Volumes of diced hyperspheres: Resumming the Tam-Zardecki formula (Q1112544)

A recursion relation is derived for the volume \(G_ n(s)\) of the intersection of the n-dimensional hypercube \(\{0\leq x_ i\leq 1\) for all \(i\leq n\}\) and the hypersphere of radius \(r=\sqrt{s}\) centered at the origin. Laplace transformation is used to derive an expression for this function as a single contour integral of the Fourier type, thus decoupling the functions from the dimensional index and eliminating the error propagation involved in a successive application of the recursion formula. It is demonstrated that the corresponding hypersurface distribution function \(F_ n(r)\) neither spreads indefinitely nor sharpens as a \(\delta\)-sequence, but attains an asymptotically stable Gaussian form about the moving point \(r=\sqrt{n/3}\).

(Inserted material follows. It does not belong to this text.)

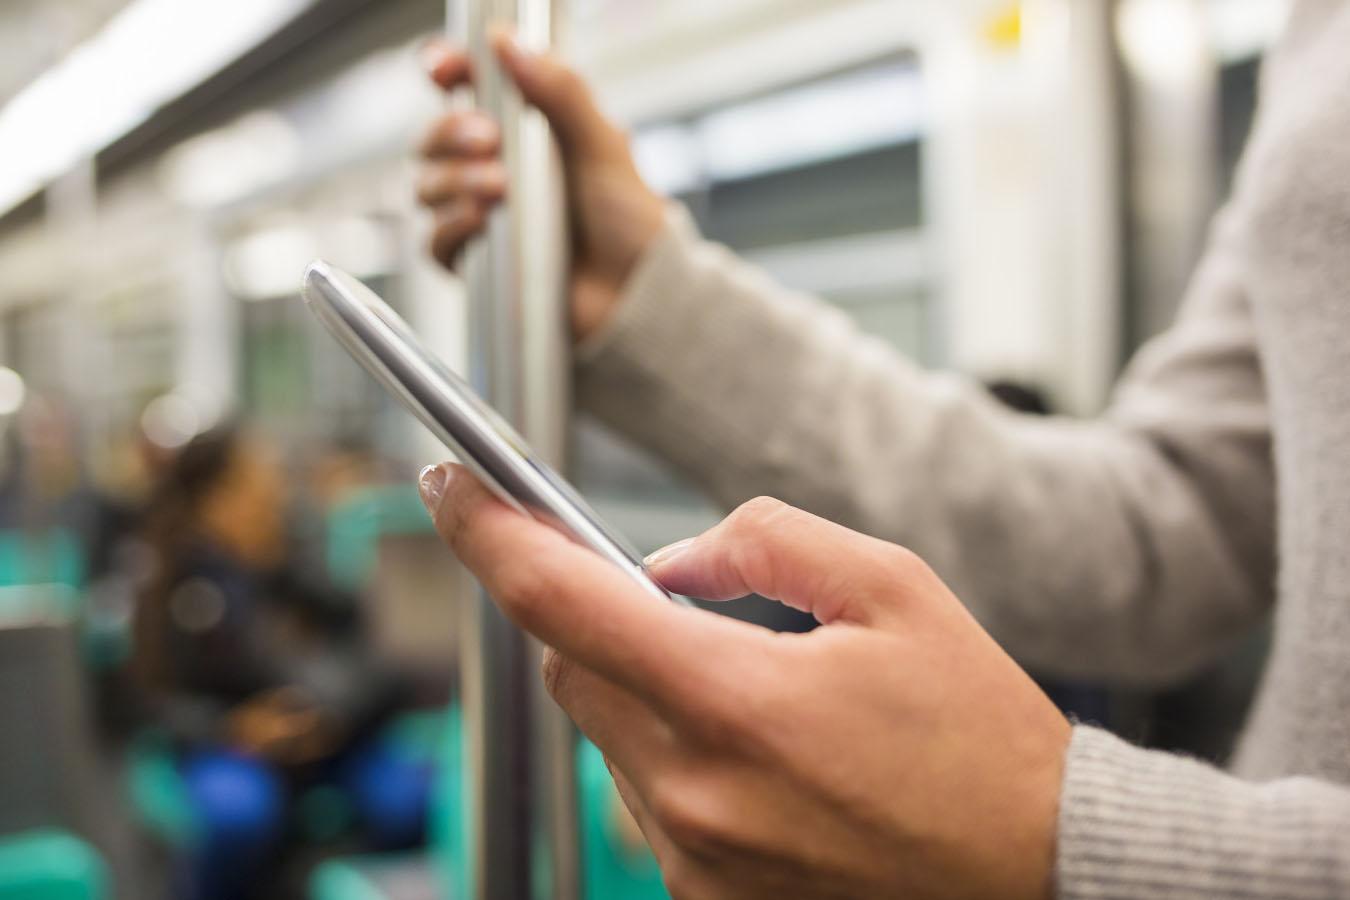 Билайн в три раза увеличил покрытие сети в тоннелях метро Санкт-Петербурга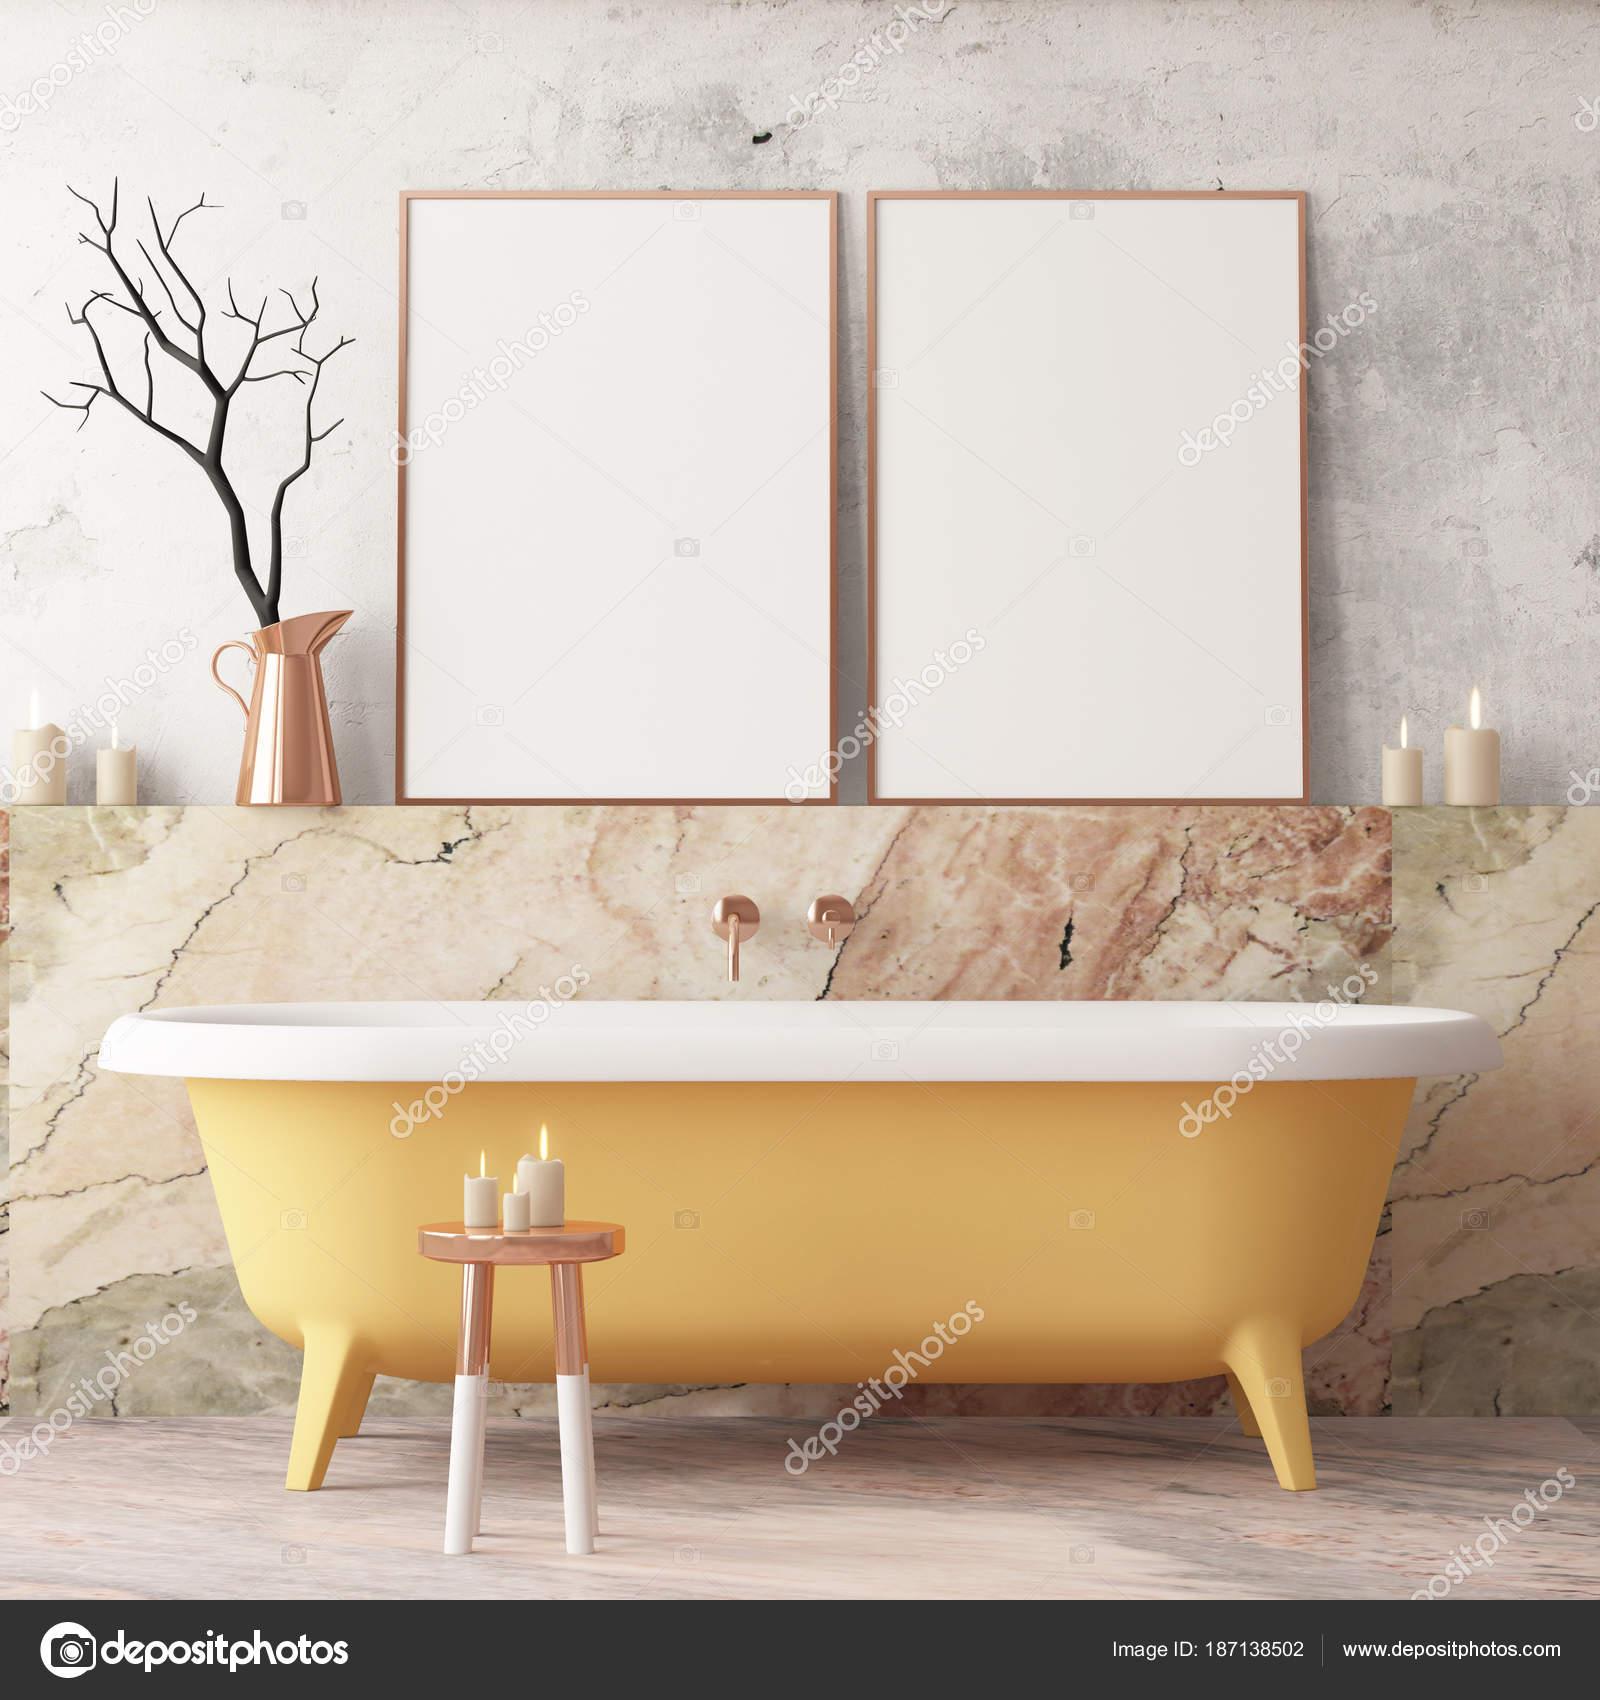 Ikea Salle De Bain Dynan ~ maquette affiche dans salle bain dans style vintage couleur tendance

The result is inserted into the Tam-Zardecki formula for the total forward scattering amplitude of a laser beam, allowing the s-integral to be performed analytically and the series to be summed under the contour integral. Thus an infinite series, the nth term of which is an n-fold integral of a function depending on the n-dimensional radius, is reduced to a single integral of standard functions with exponential falloff, assuring rapid convergence.